Jem shrugged and said, "All right. Let's get before she comes to."
"What are you talking about? We can't just leave her here!"
"The hell we can't. She put a gun on you, tied you up, and stuck a knife in your face when you tried to help her. What do you think she'll do when she wakes up?"
"There's too many werja in these hills. Not to mention everything else slithering and snarling around in the darkness."
Jem sighed and said, "I suppose we could build a fire for her. That would keep the animals away."
"And alert every two-bit rustler around. Imagine what they'd do to some pretty young thing like that if she was incapacitated."
"Okay, padre. What do you suggest?"
"We take her with us. At least until she wakes up and can take care of herself."
"Let's lock her up in your wagon, then."
"Absolutely not. It's dark and cramped and she'll get hurt on what I got in there when she comes to."
Jem squeezed his temples with his hand for a moment, then said, "Fine. But we do this my way, and you don't argue with me about how it's done."
"Fine," the preacher said. "Maybe."
Jem picked the woman up and laid her across her destrier's saddle on her stomach. He tied her hands and feet together and strung them under her animal's belly to keep her anchored down. He rolled her over on one hip to unbuckle her gun belt and slid it out from under her, taking a moment to admire the ivory-gripped pistol in the holster. "Nice gun."
"Not when it's pointed at your head."
Jem slid his hand along the woman's side and up under her shoulders, then down the center of her back and backside.
"Hey!" Father Charles shouted. "Just what in the hell do you think you're doing?"
"Checking her for any other weapons, you damn fool.
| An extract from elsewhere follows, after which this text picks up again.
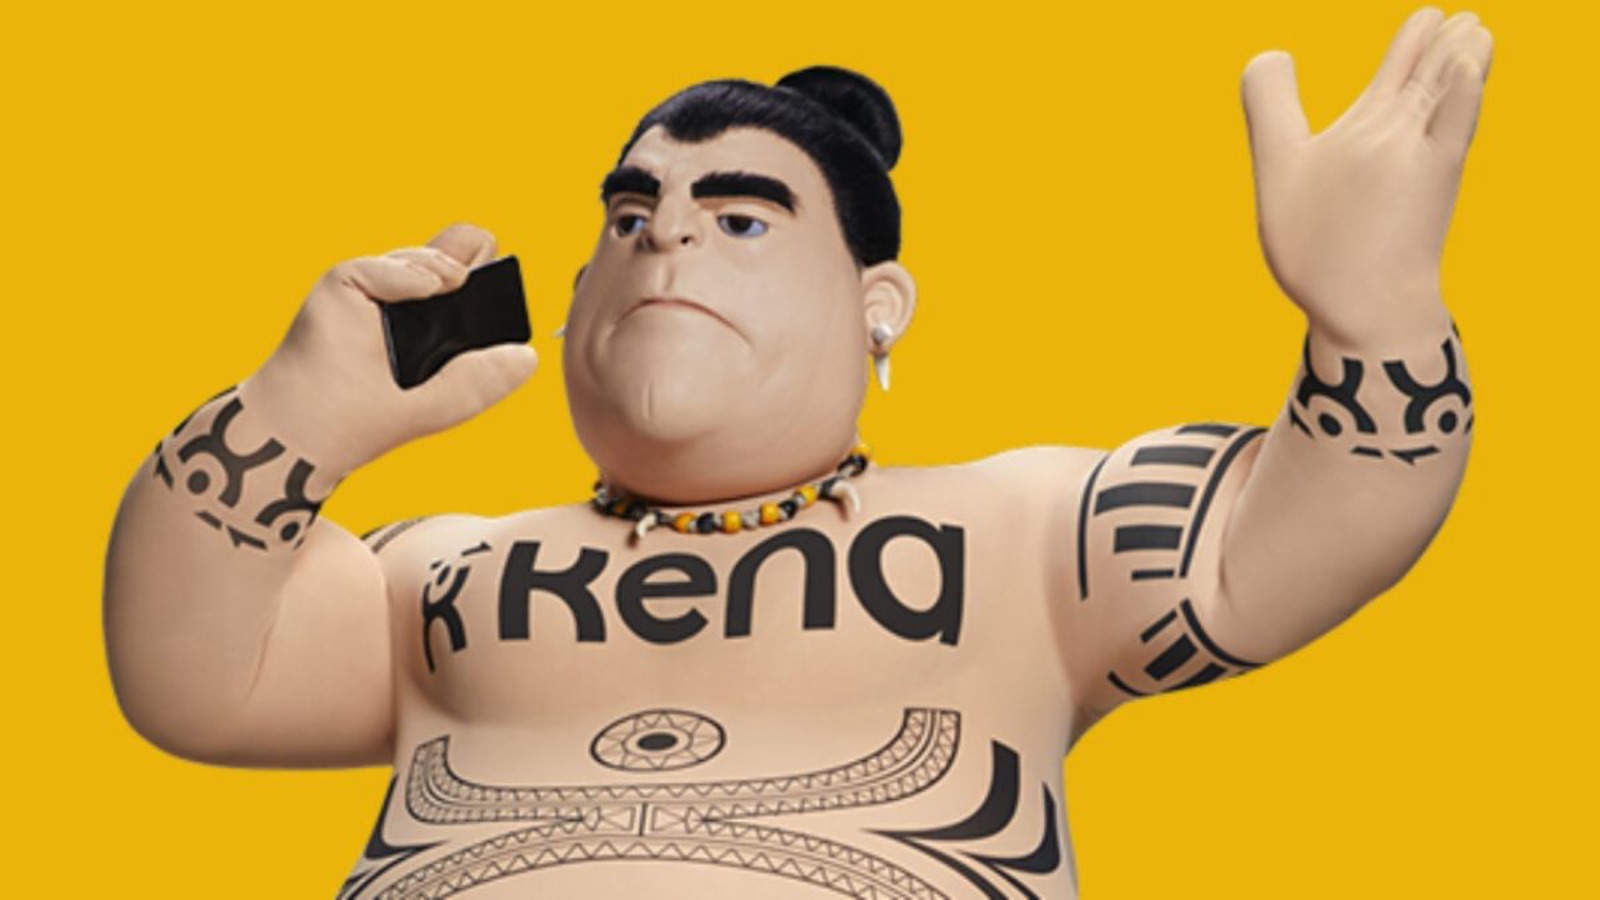 Kena Mobile offre la Promo TOP con 100 GB a soli 5 EURO
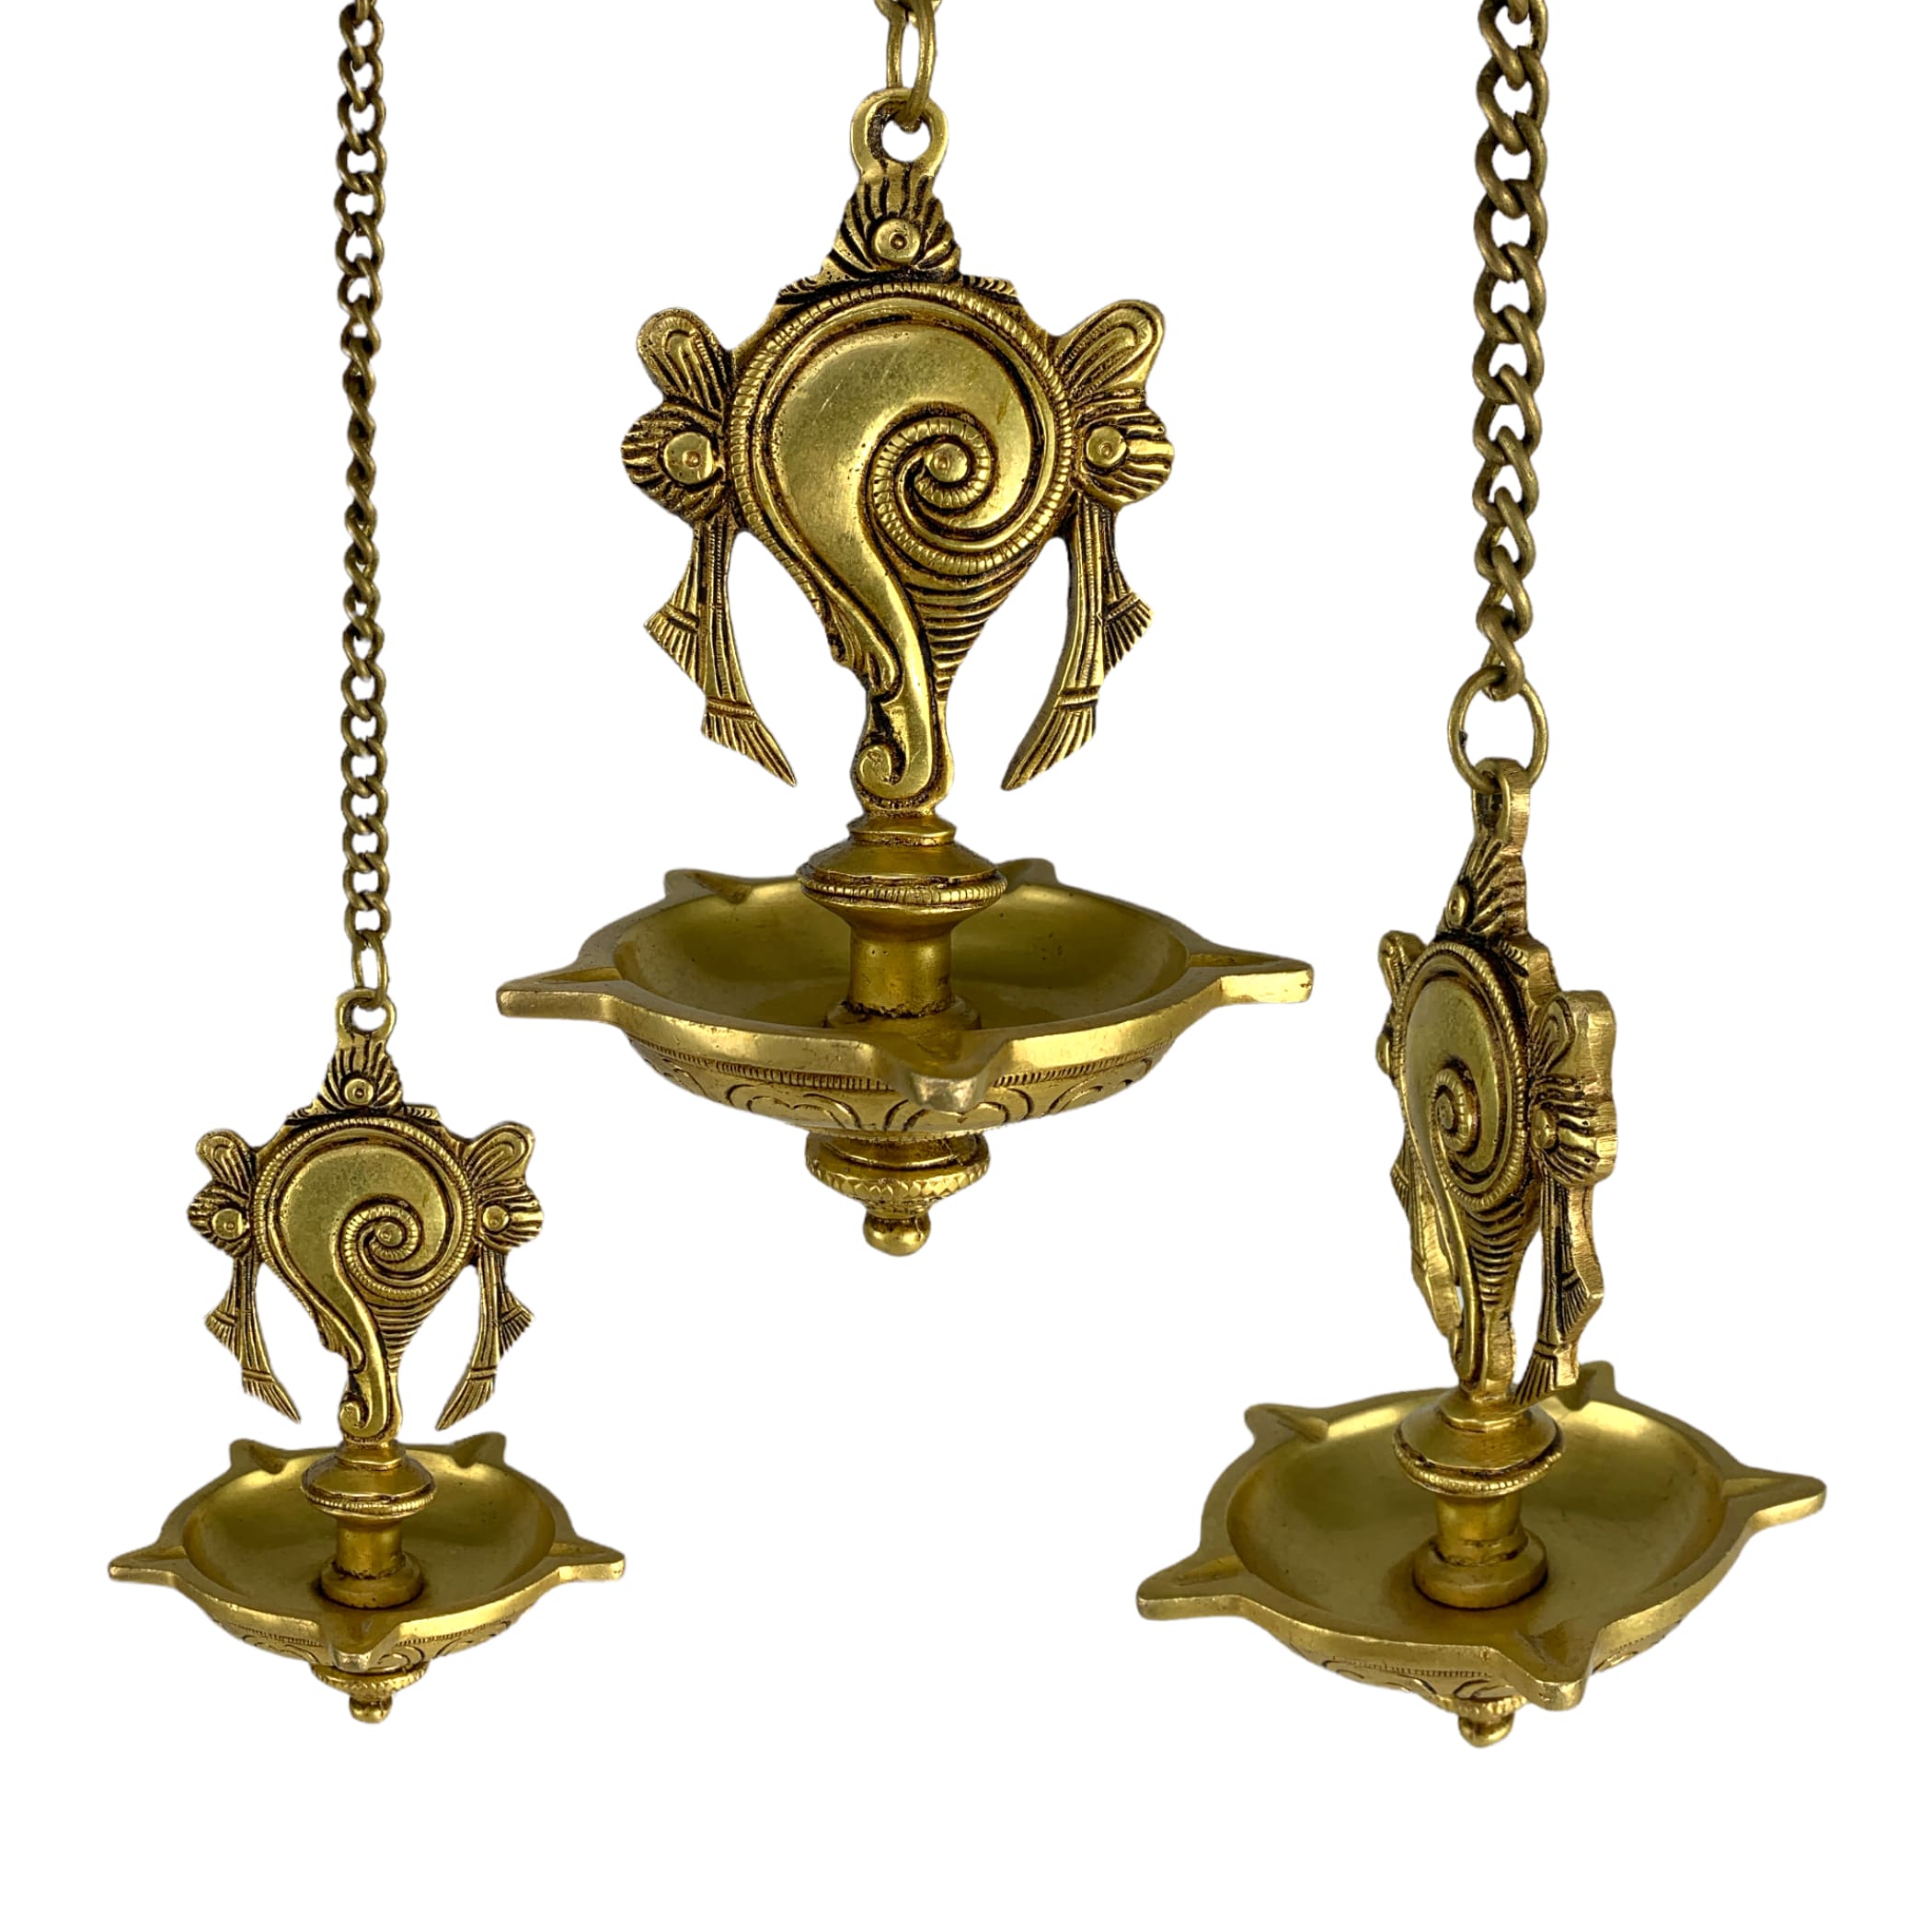 Shank brass oil samai hanging diya diwali decor altar temple

Calm down."
Jem reached down to feel around th
e inside of her boots, and then up her thighs, moving higher and higher until Father Charles said, "That's enough. You checked her good enough. Get your hands off her."
"Do you honestly think−"
"I honestly don't give a shit. I'll be keeping her close to me, you can be sure of that, Sheriff."
Jem laughed and said, "Okay, old timer. Let's just hope your sense of honor doesn't get us both killed."